More than 90% of clinical-trial compounds fail to demonstrate sufficient efficacy and safety. To mitigate this issue, many look to third-parties to conduct extensive research via systematic literature review (SLR) to gather the relevant information needed to validate the investment and approach to a trial. While providing valuable insight, each SLR can cost over $140,000.
SLRs are largely conducted via manual processes – with researchers needing to compile, review and analyze large sets of unstructured content. As a result, these processes are incredibly time consuming due to the amount of data and grey literature that needs to be consumed and reported on to make SLRs successful. Due to the nature of this work, insights can be missed and timelines can be delayed which hold up productivity for the end customer.

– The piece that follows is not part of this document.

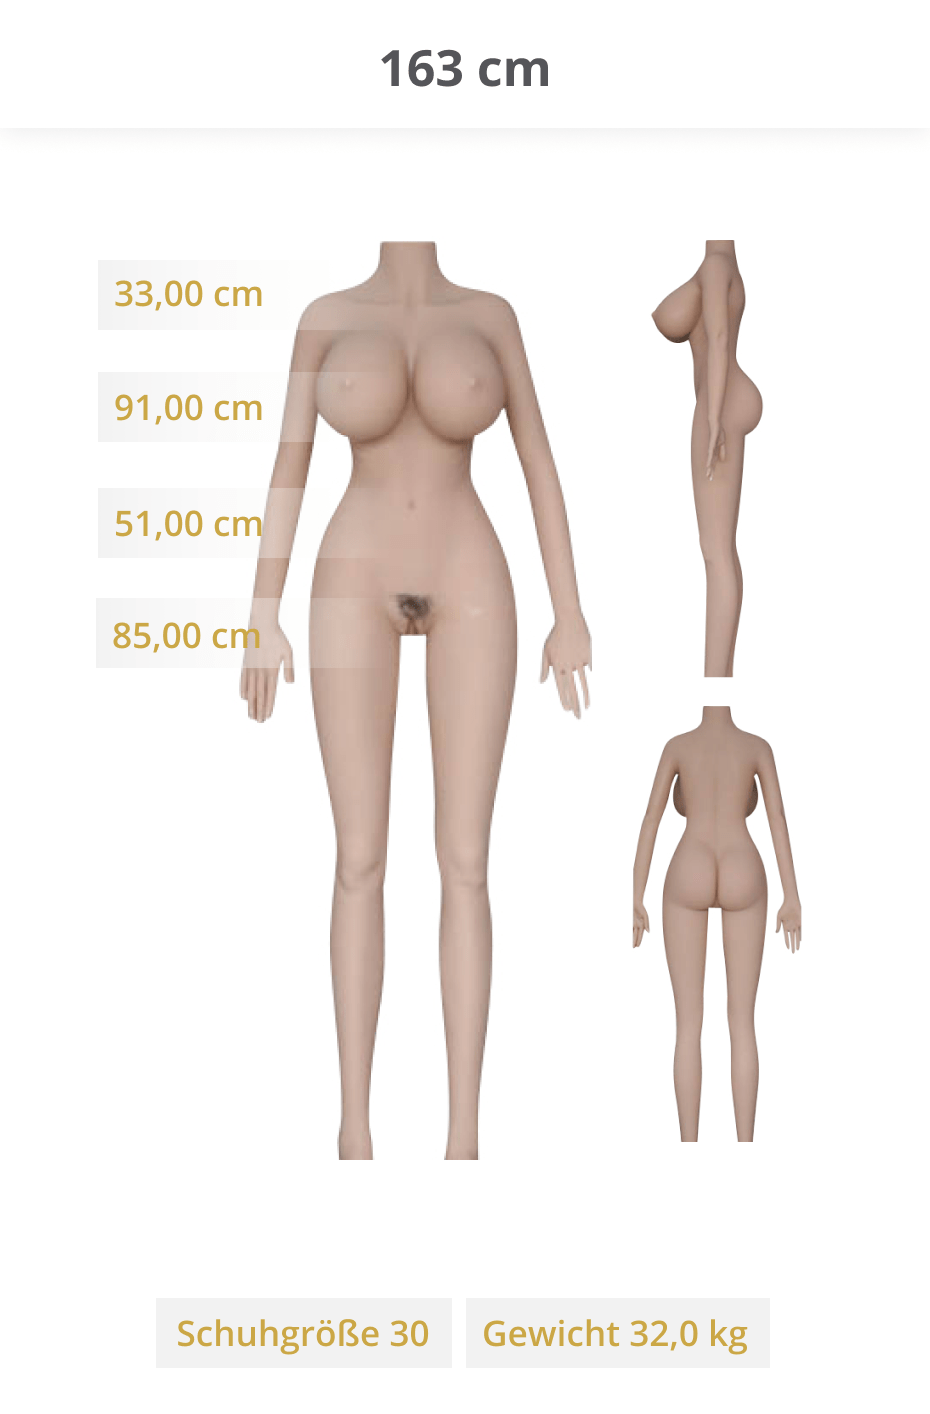 JY-Doll-163-cm-F-cup

Advancements in deep learning text analytics are enhancing systematic literature reviews by improving the accessibility and searchability of unstructured content. Vyasa has developed high-performing deep learning models that understand context and can identify key terms that improve the accuracy and time spent on systematic literature reviews. We then take this a step further with our Layar data fabric, a novel data architecture that unifies content sources into a single platform. With the Vyasa platform, users can:
- Integrate siloed data sets into a single, searchable platform.
- Search unstructured content in natural language.
- Explore their data via highly-visual knowledge graphs, dashboards and smart spreadsheets.
- Export unstructured content into structured formats.
By leveraging Vyasa, users can improve query accuracy by 97% while reducing research times by as much as 90%, leading to smarter, more efficient systematic literature reviews.